Practice With AI2SQL
The fastest way to lock in these patterns is to write them by hand, then check against AI2SQL output. Generate variations of every question above with different schemas, rewrite them from scratch, and you will have these patterns memorized within a week.
No credit card required
Frequently Asked Questions
Why does AVG return NULL when there are NULL values?
AVG ignores NULL inputs by design (per the SQL standard). It returns NULL only when ALL values are NULL or the table is empty. If you want NULL to count as zero, use AVG(COALESCE(col, 0)).
When should I use HAVING instead of WHERE?

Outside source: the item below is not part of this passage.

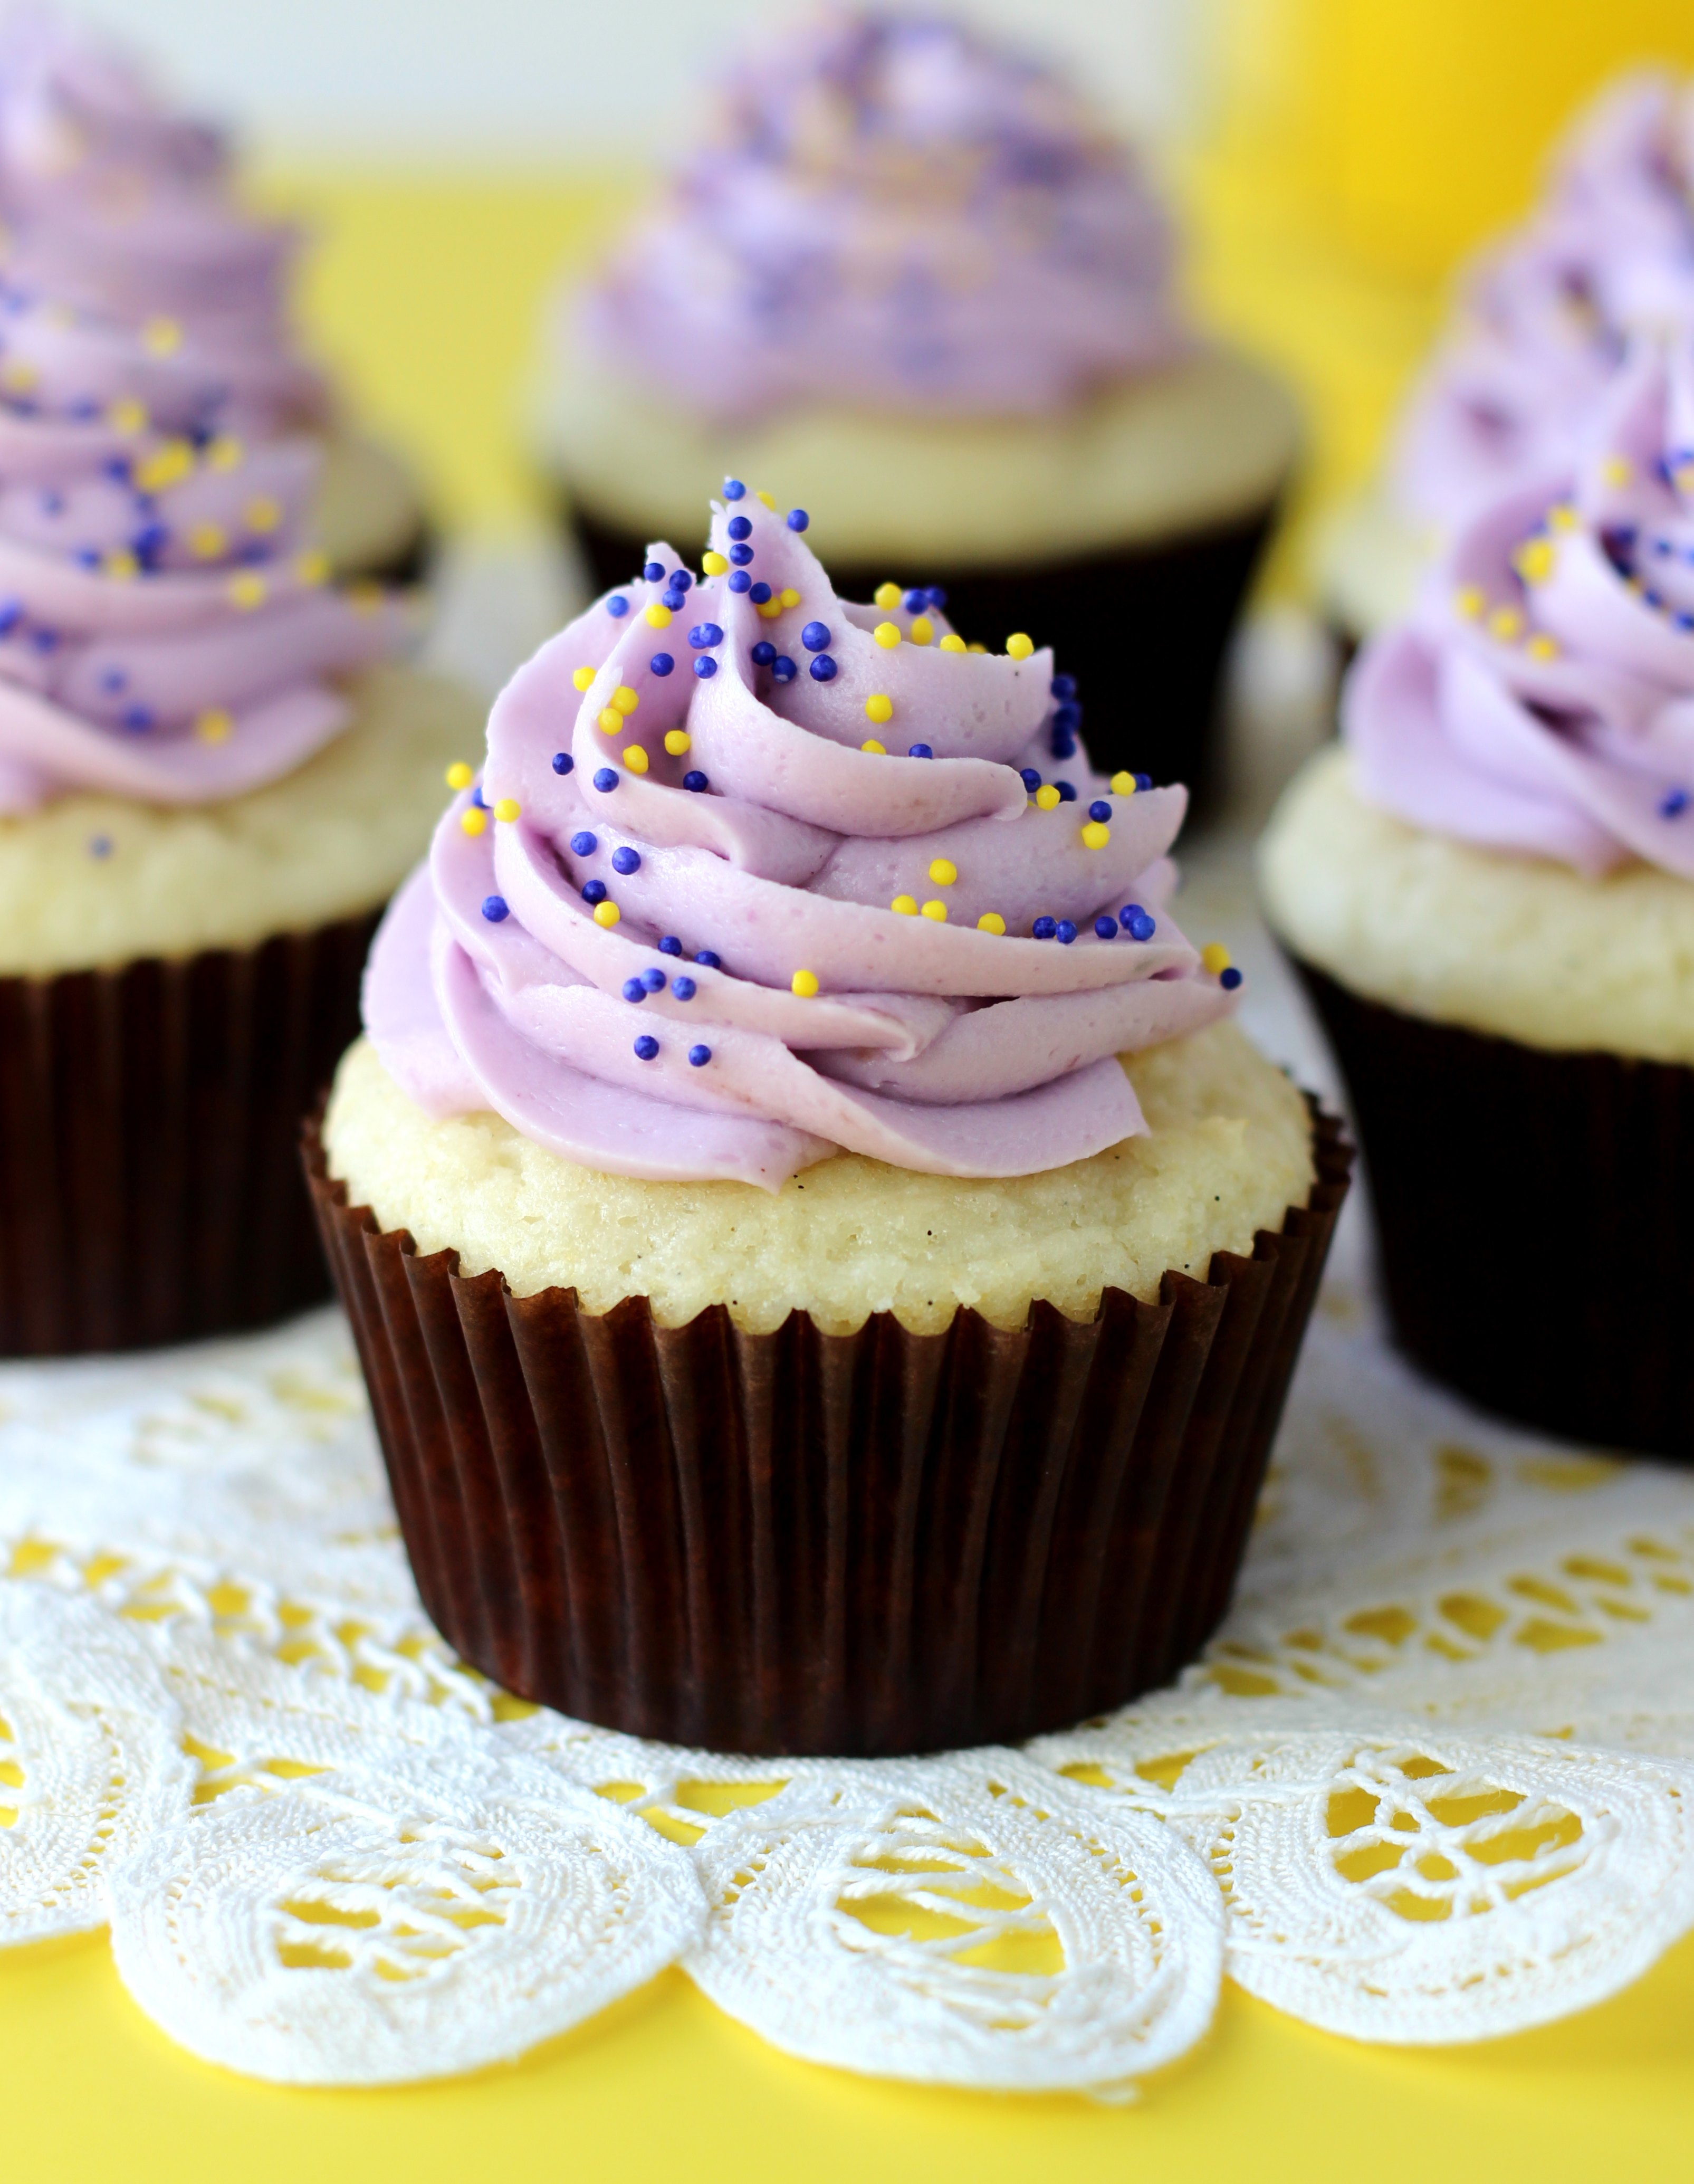 Cupcakes - Cupcakes Photo (35199706) - Fanpop

Use HAVING when the filter depends on an aggregate (HAVING COUNT(*) > 5, HAVING SUM(total) > 1000). Use WHERE for row-level filters that do not need aggregation. Putting non-aggregate filters in HAVING works but is slower.
What is the difference between ROLLUP and CUBE?
ROLLUP generates subtotals along the grouping hierarchy: (region, category), (region), (). CUBE generates every combination: (region, category), (region), (category), (). Use ROLLUP for hierarchical reports, CUBE for full cross-tab summaries.
How can I avoid GROUP BY mistakes in interviews?
Practice the rule: every non-aggregate column in SELECT must be in GROUP BY. AI2SQL generates correct GROUP BY clauses from plain English so you can study working examples and rewrite them.